HIV Natural Treatment of Prevention options - supplements herbs vitamins
There are no natural therapies that are endorsed by the medical profession for the prevention or treatment of HIV infection. However, studies (mostly test tubes) have shown several nutrients and herbs to have antiviral properties. It is difficult to predict what clinical effect, if any, these herbs and supplements have in the natural progression of HIV, but it appears that some herbal and nutritional compounds -- at least in test tubes -- have anti-HIV activity. We also have little idea how these supplements interact with antiviral drugs. Please discuss with your doctor regarding the use of these supplements to see if they are appropriate for you. You can find some of the research at the bottom of this page or by clicking on the appropriate links in blue.

Antioxidant - There is evidence suggesting that patients infected with human immunodeficiency virus are under chronic oxidative stress and thus may benefit from antioxidant vitamins.
Vitamin D - HIV carriers with vitamin D deficiency are more likely to die than those with sufficient vitamin D in the blood.
Multivitamins - Research from Africa suggests that basic multivitamin and selenium supplements lower the risk that untreated people with the AIDS virus will get sicker over a two-year period. Nov. 27, 2013, Journal of the American Medical Association.
Green Tea - Epigallocatechin-3-gallate (EGCG), one of the components of green tea has been suggested to have antiviral activity.

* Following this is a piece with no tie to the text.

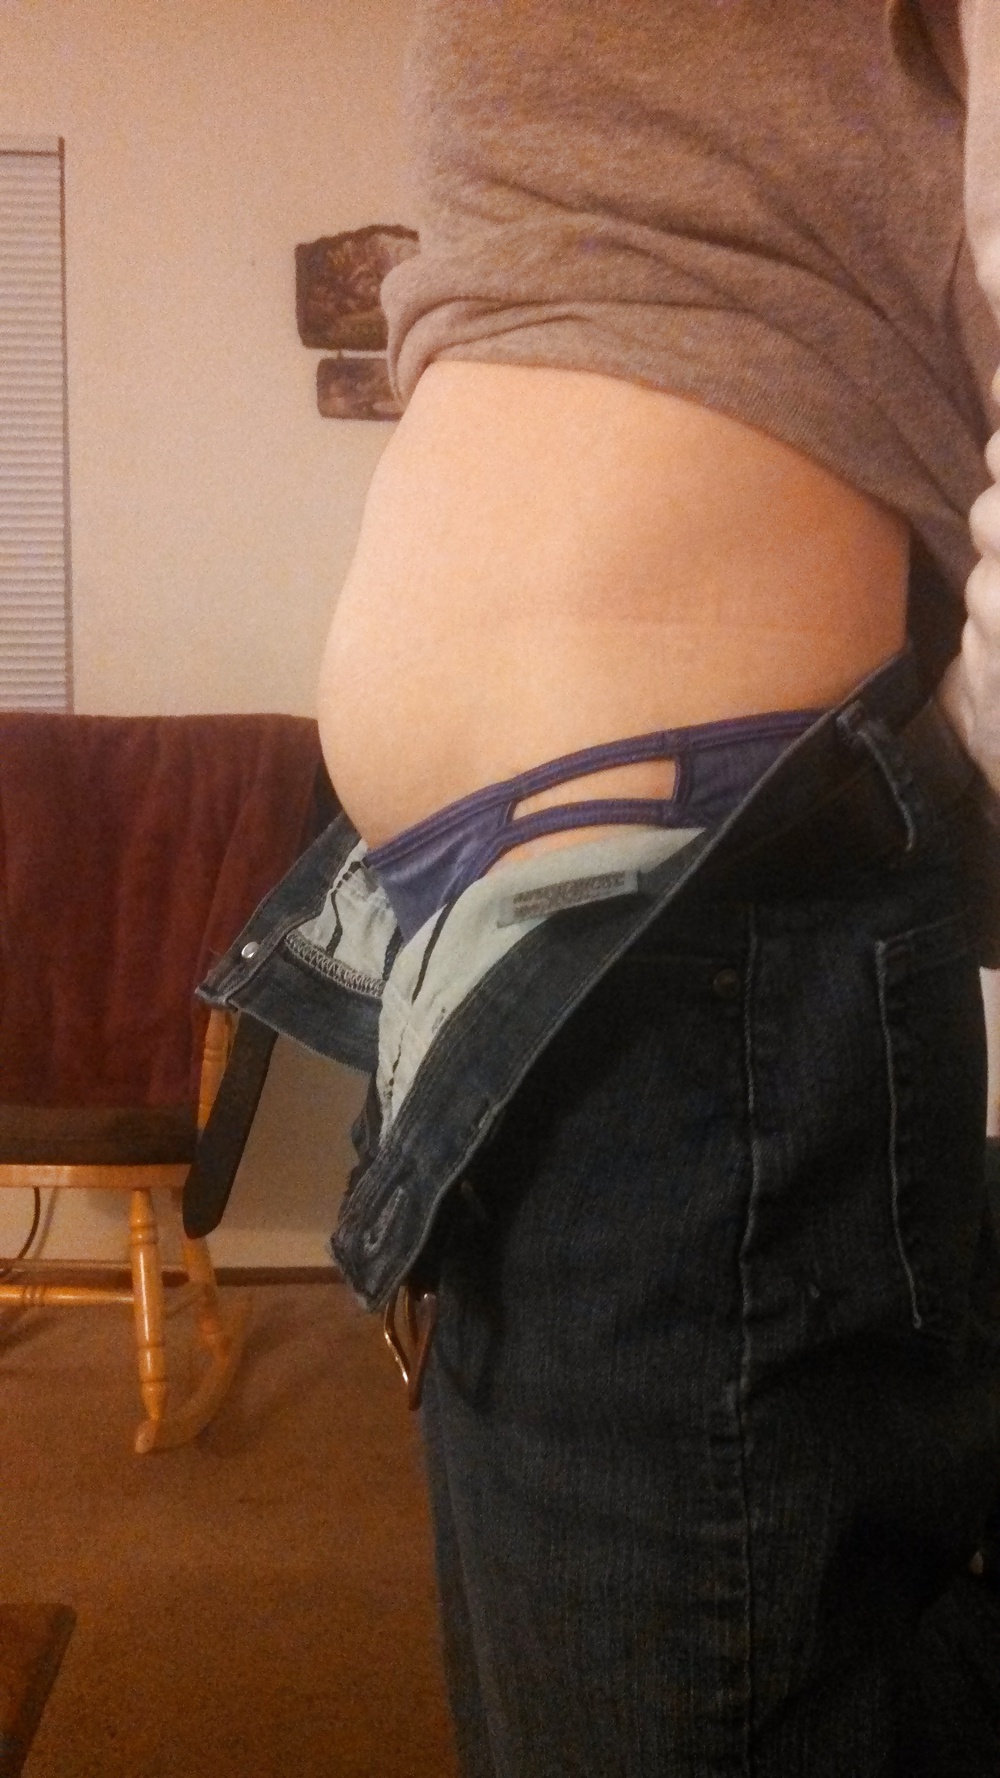 My hot wife's pregnant belly. #25717369

To determine the effects of EGCG on HIV infection, peripheral blood lymphocytes infected with HIV were incubated with increasing concentrations of EGCG. EGCG strongly inhibited the replication of the HIV virus.
Glutamine, the amino acid, could be helpful for those on anti-HIV medicines.
Glutamine-antioxidant nutrient supplementation can increase body weight, body cell mass, and intracellular water when compared with placebo in HIV patients.
Mangosteen
is sold online on the internet.
Hyssop
has antiviral activity against herpes simplex and HIV-1.
Licorice may be helpful.
Olive Leaf extract has anti-HIV activity
Rooibos tea has anti-HIV activity.
Echinacea herb may be of some benefit.
Ginseng CD4+ T cell counts in human immunodeficiency virus (HIV)-1-infected patients are maintained or even increased when treated with Korean red ginseng. High doses of ginseng can be overly stimulating and cause insomnia.
Catuaba, an Amazonian plant, has anti-HIV activity.
Bovine Colostrum may reduce the severity of diarrhea in HIV patients.
Marigold herb
Fish Oils - Fish oil (omega-3 fatty acid) diet supplements appear to be an effective way to lower high triglyceride levels that are associated with antiretroviral therapy in HIV patients. HIV therapies and HIV itself can cause concerning increased in triglycerides, which may place the individual at risk for cardiovascular disease. Fish oil has been found in people without HIV infection to reduce triglycerides and also to prevent cardiovascular disease.  It's probably best not to exceed 3 capsules a day.
Zinc for children with HIV

DHEA in low dosage is useful to treat mild depression in those with HIV.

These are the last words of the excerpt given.